Facebook Fined Millions for Alleged Violations of Immigrant Labor Certification Recruitment Requirements

On Octo. 19, 2021, the DOJ and DOL announced separate settlement agreements with Facebook settling its alleged misuse of the permanent labor certification (PERM) program for immigrant workers. Per the lawsuit, Facebook had not been conducting adequate recruitment as part of the Labor Certification process, including but not limited to using more restricted application methods for U.S. workers.

Under the settlement, Facebook will pay a civil penalty of $4.75 million to the U.S., up to $9.5 million to eligible victims of its alleged discrimination, and will train its employees on the anti-discrimination requirements of the Immigration & Naturalization Act.

In addition, Facebook will be required to conduct more expansive advertising and recruitment for all PERM positions, accept electronic resumes, and take other steps to ensure that its PERM recruitment matches its standard practices.
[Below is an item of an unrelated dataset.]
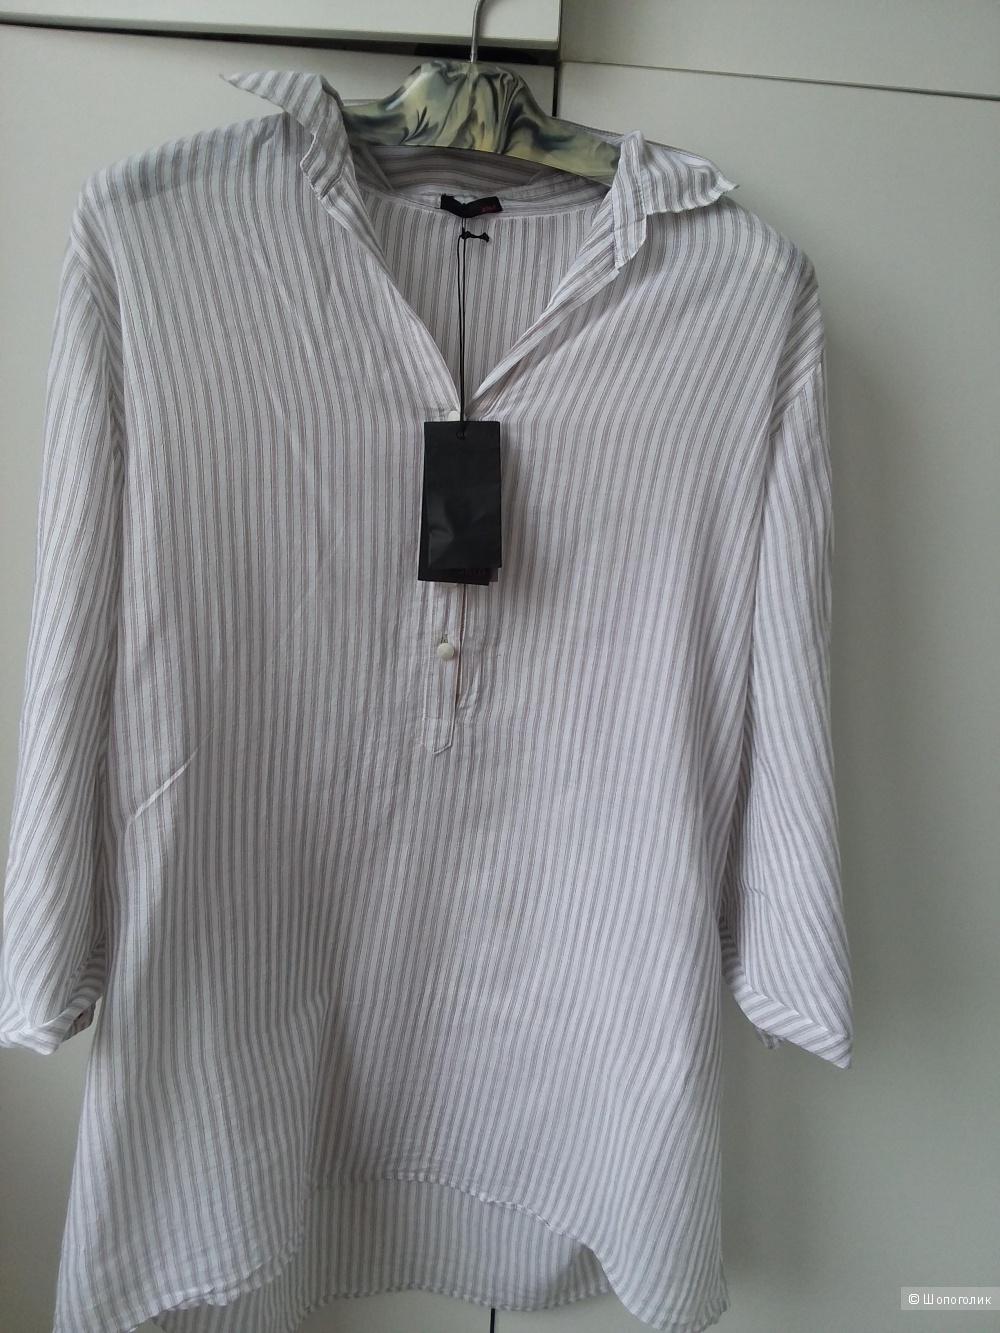 Женская рубашка Pinko Skin c поясом на 46 размер

Facebook will also be subject to ongoing audits to ensure its compliance.
This section of our Employment Law Update was prepared by Jones Waldo immigration attorney, Lewis Francis.

Tenth Circuit Hands Victory to Workers in Overtime Class Action.

Earlier this month, in a case entitled Peterson v. Nelnet Diversified Solutions, LLC, the Tenth Circuit Court of Appeals sided with over 300 call center employees who alleged that they were owed unpaid overtime. At issue was the time the employees spent at the beginning of every shift booting up their computers and launching certain software applications used to perform their job of communicating with student loan borrowers by phone and email.

A Colorado district court had previously determined that these tasks generally took about two minutes (the workers refute that calculation, arguing it is actually between four and six minutes), and held that the time was “de minimis,” such that it was not compensable under the Fair Labor Standards Act. The Tenth Circuit disagreed, saying: “We conclude that when booting up their computers and launching the software, the [employees] are preparing tools that are both necessary to and an intrinsic part of their principal activities. Therefore, these preshift tasks are compensable principal activities under the FLSA.

Moreover, because [the employer’s] ability to estimate the amount of time at issue and the consistent regularity with which the CCRs perform these activities weigh more heavily than the relatively small size of the claims, in this case, the de minimis doctrine does not apply to excuse [the employer’s] obligation to pay its employees for their work.” Accordingly, the court reversed the trial court’s award of summary judgment for the employer, and the case will move forward to trial.

This case underscores the importance for employers of carefully evaluating these types of regular pre-shift activities to determine whether they are compensable work time under FLSA. Successful plaintiffs in FLSA overtime cases may be awarded back pay, liquidated damages, attorney fees, and litigation costs.